Сказать, что я удивился — это understatement. У меня буквально челюсть упала на грудь — и как позднее оказалось, я очень угодил нашему любезному хозяину. Он любил поражать людей, и в случае со мной у него получилось стопроцентное попадание.

Как оказалось, доктор Уги был этническим эстонцем. Его отец умудрился бежать из Эстонии от русского вторжения, поэтому Ивар и вырос в Германии. Он говорил на немецком, английском, французском, финском/эстонском и немного по-русски — но русскому его учил отец, который полагал, что нaилучший способ усвоения языка — знать классику наизусть.

При своей исключительной памяти Ивар Уги помнил «Полтаву» и в 1991-м году.

Видимо, мой обалделый вид чем-то согрел ему сердце, и на следующий день я получил от него персональное приглашение — принять участие в меж-дисциплинарном семинаре, который и имел место в «пивном саду», как говорят в Германии.

Как иностранцу мне, так уж и быть, заказали «пиво велосипедистов», т.е. обычное пиво, только 50/50 разбавленное яблочным соком. Я сидел рядом с Иваром, а напротив нас поместился человек чуть постарше меня, который оказался латинистом.

И я его спросил, чем же именно он занимается, на что он ответил, что у них на кафедре переводят на латынь современные немецкие тексты, исследуют тексты Тацита и Цицерона, а еще работают в партнерстве со школой богословия.

Я, когда мы собирались в Мюнхен, взял с собой “Мастера и Маргариту” Булгакова, и читал ее всю дорогу. Так что, найдя случай «показать образованность», тут же процитировал моему визави слова Берлиоза о том, что упоминание Христа Тацитом, скорее всего, является всего лишь позднейшей вставкой?

Мой оппонент прямо-таки обиделся. Он сказал, что никакого упоминания Христа у Тацита нет. Говорим мы довольно громко, и я смотрю, к нам начинают прислушиваться, и в числе прочих это делает мой сосед, Ивар Уги.
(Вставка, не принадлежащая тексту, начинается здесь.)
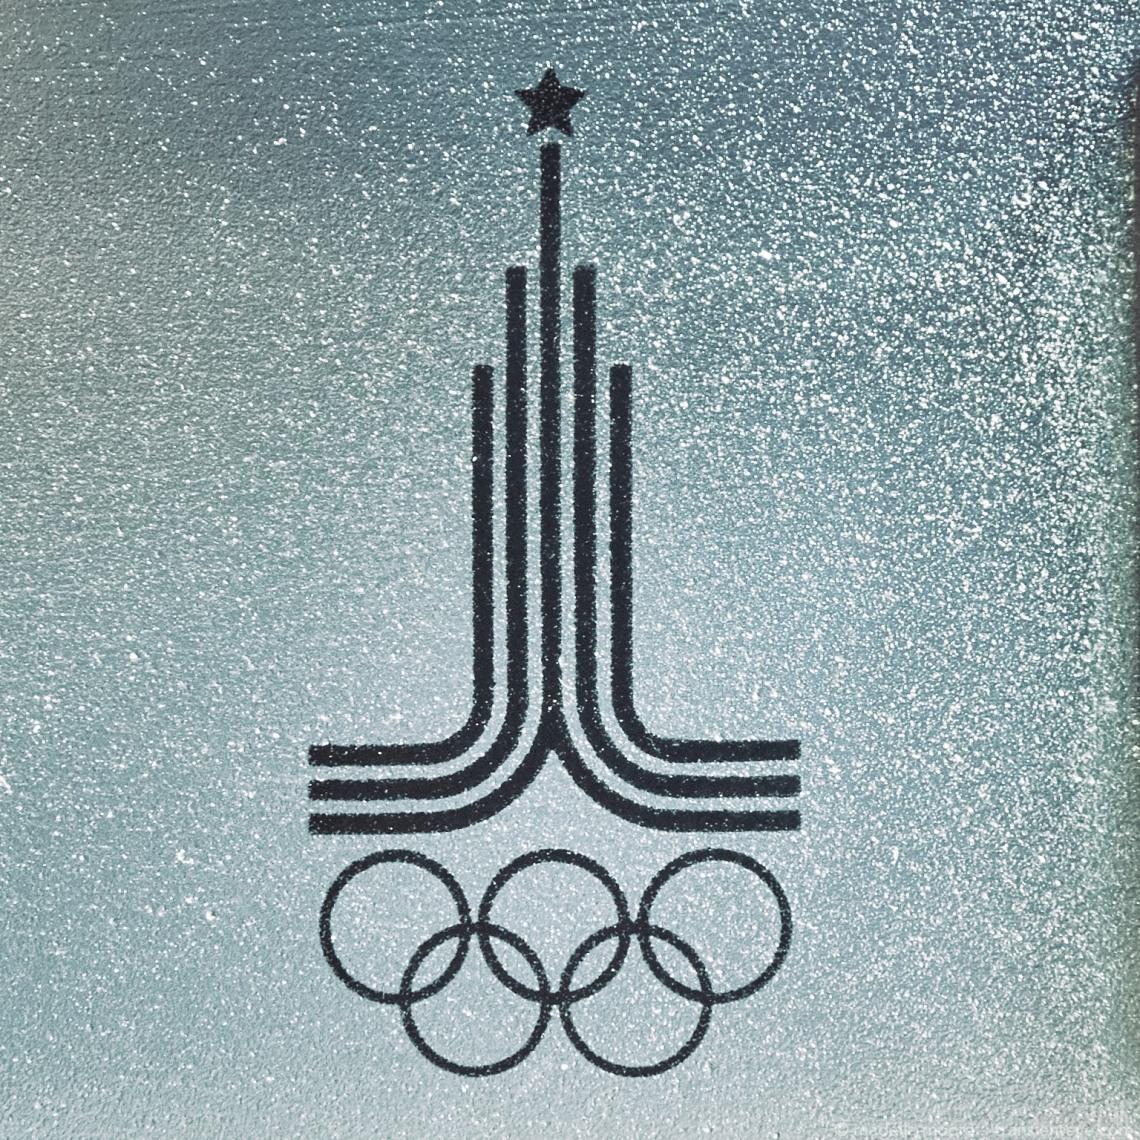 FED 5b Soviet Rangfinder - Olympic Logo

И я тогда — благо, книгу-то я читал в полете, и было это только вчера — цитирую ему по памяти Берлиоза и дальше:

“… в 15-й книге, в главе 44-й знаменитых тацитовых «анналов», где говорится о казни Иисуса…”

Мой собеседник, ни слова не говоря, встает с места, отходит в сторону, и достает из портфеля какую-то небольшую книжицу, по всей видимости, «Анналы» Тацита.

И, можно сказать, бледнеет…

Доктор Уги был очень доволен. Он, как уже и было сказано, любил поражать людей — и приведенный им гость справился с задачей просто блестяще.

Но я чувствовал себя шарлатаном.

21. У моей жены есть школьная подруга, которая живет в Париже. Приехали мы к ней в гости, походили по музеям, посмотрели на всякие там достопримечательности — и пошла более или менее нормальная жизнь. В том плане, что девушкам надо поболтать по душам — они, как-никак, долго не виделись — а мне следует искать себе каких-то самостоятельных занятий.

И пошел я в L’Hotel national des Invalides, посмотреть на гробницу Наполеона.

Посмотрел. Получил, я бы сказал, сильное впечатление. Припомнил все, что я читал когда-то по истории, и французских авторов, и сколько они всего создали, и подумал — какая все-таки Франция “литературная” страна.

Иду обратно, намереваясь дойти до набережной Сены, заворачиваю за угол ограды L’Hotel des Invalides, и тут на меня нечаянно налетела какая-то немолодая дама, с маленьким пуделем на руках.

Разлетелись мы с ней по всем законам физики “столкновения шаров”-то есть, расстояние отскока оказалось обратно пропорционально массе. А поскольку я весил раза так в два побольше, то я-то отступил на шаг, а она сделала сложный пируэт, и чуть не упала — я насилу успел ухватить ее за рукав…

A пуделек, естественно, свалился наземь, страшно перепугался, и дернул со всех ног через мостовую, в общем направлении к музею Родена.

И вот, стоим мы с этой дамой в полном ошеломлении, смотрим друг на друга — и вдруг она резким движением вырывает у меня рукав, и бросается в погоню за пуделем с криком: “Д’Артаньян, д’Артаньян!”

Kакая все-таки Франция “литературная” страна…

22. О полной глухоте при непонимании контекста.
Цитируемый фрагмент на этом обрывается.